Our groups for the fairness analysis are high-affected vs low-affected customer groups, defined as outages that impact more than 60,000 customers (high impact) versus those that affect fewer than 60,000 customers (low impact).

We chose these groups because the severity of the outage (in terms of customer impact) could influence the accuracy of the model’s predictions for the climate category. It’s important to ensure that the model performs equally well across both groups to avoid potential bias.
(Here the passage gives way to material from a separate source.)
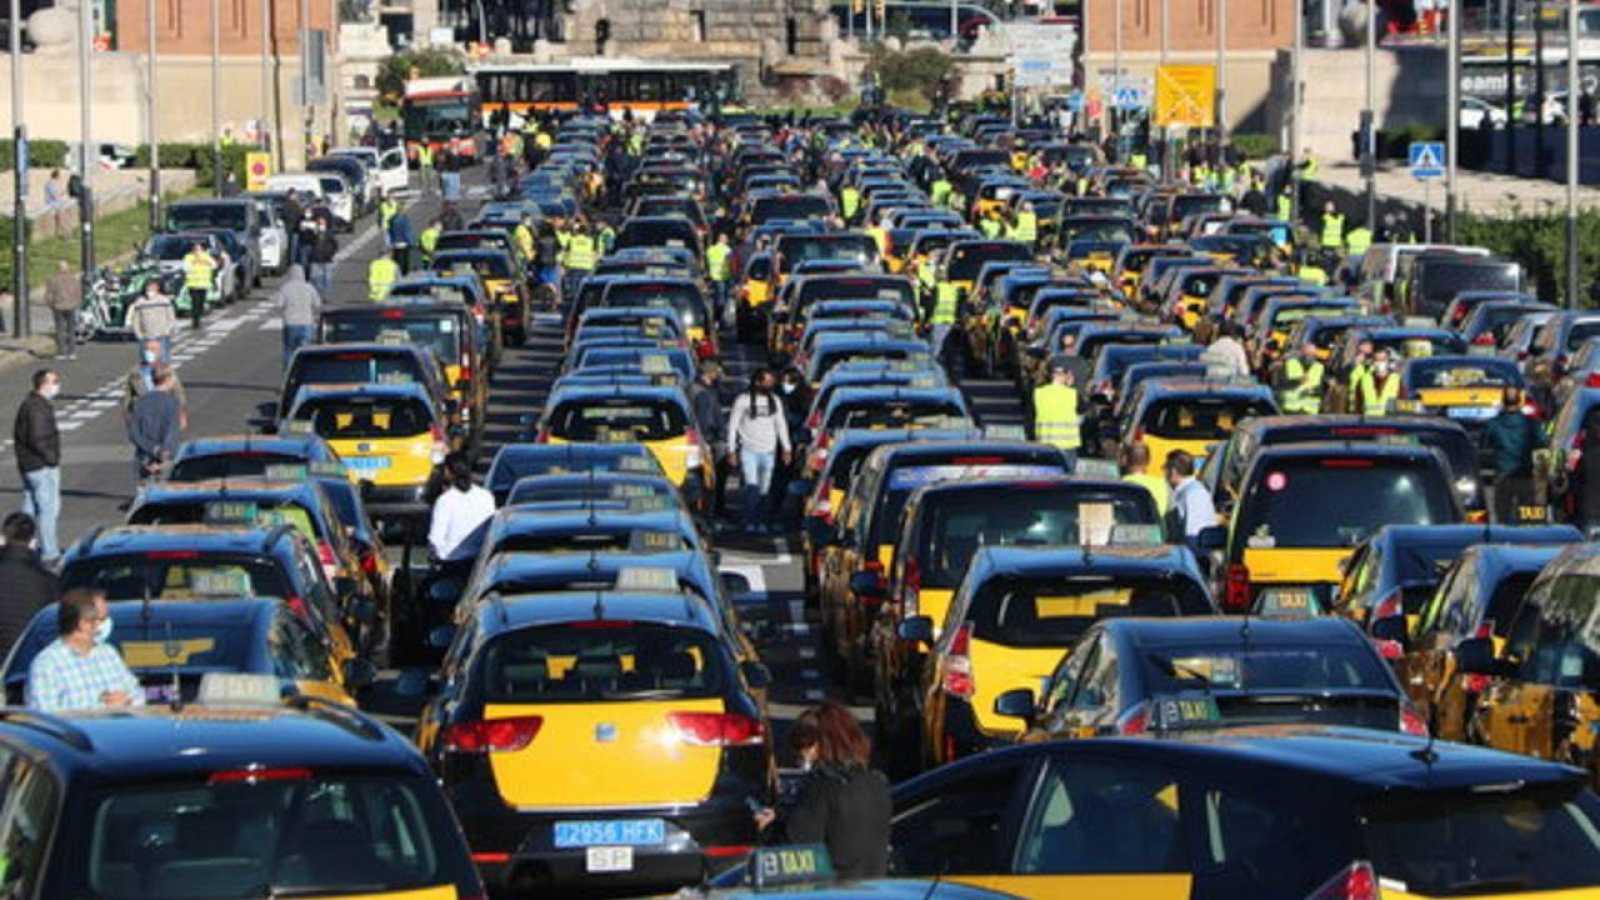 Élite Taxi convoca una mobilització el 17 de maig

The evaluation metric used is precision, specifically the weighted precision, which calculates the proportion of true positive predictions relative to all positive predictions, giving weight to the size of each class. This metric was chosen because it focuses on minimizing false positives, which is important in ensuring that the model is making reliable and correct positive predictions across different groups. Unfairness in this could lead to significant misinterpretations or costly decisions. We will use permutation tests to calculate the precision for high-affected vs low-affected customer groups (that are randomly shuffled), keeping a standard significance level of 0.05 (5%).

Test Statistic: Absolute difference in means

The p-value is computed by comparing the absolute observed precision difference (calculated from the actual data) to the distribution of absolute precision differences from the 500 permutations. Since our p-value is 0.108, which is above the standard significance level, we fail to reject the null hypothesis. This means that there is no statistically significant difference in precision between high-affected and low-affected customer groups, suggesting that the model performs equally well across both groups. Therefore, we conclude that our model seems to be fair with respect to the precision metric.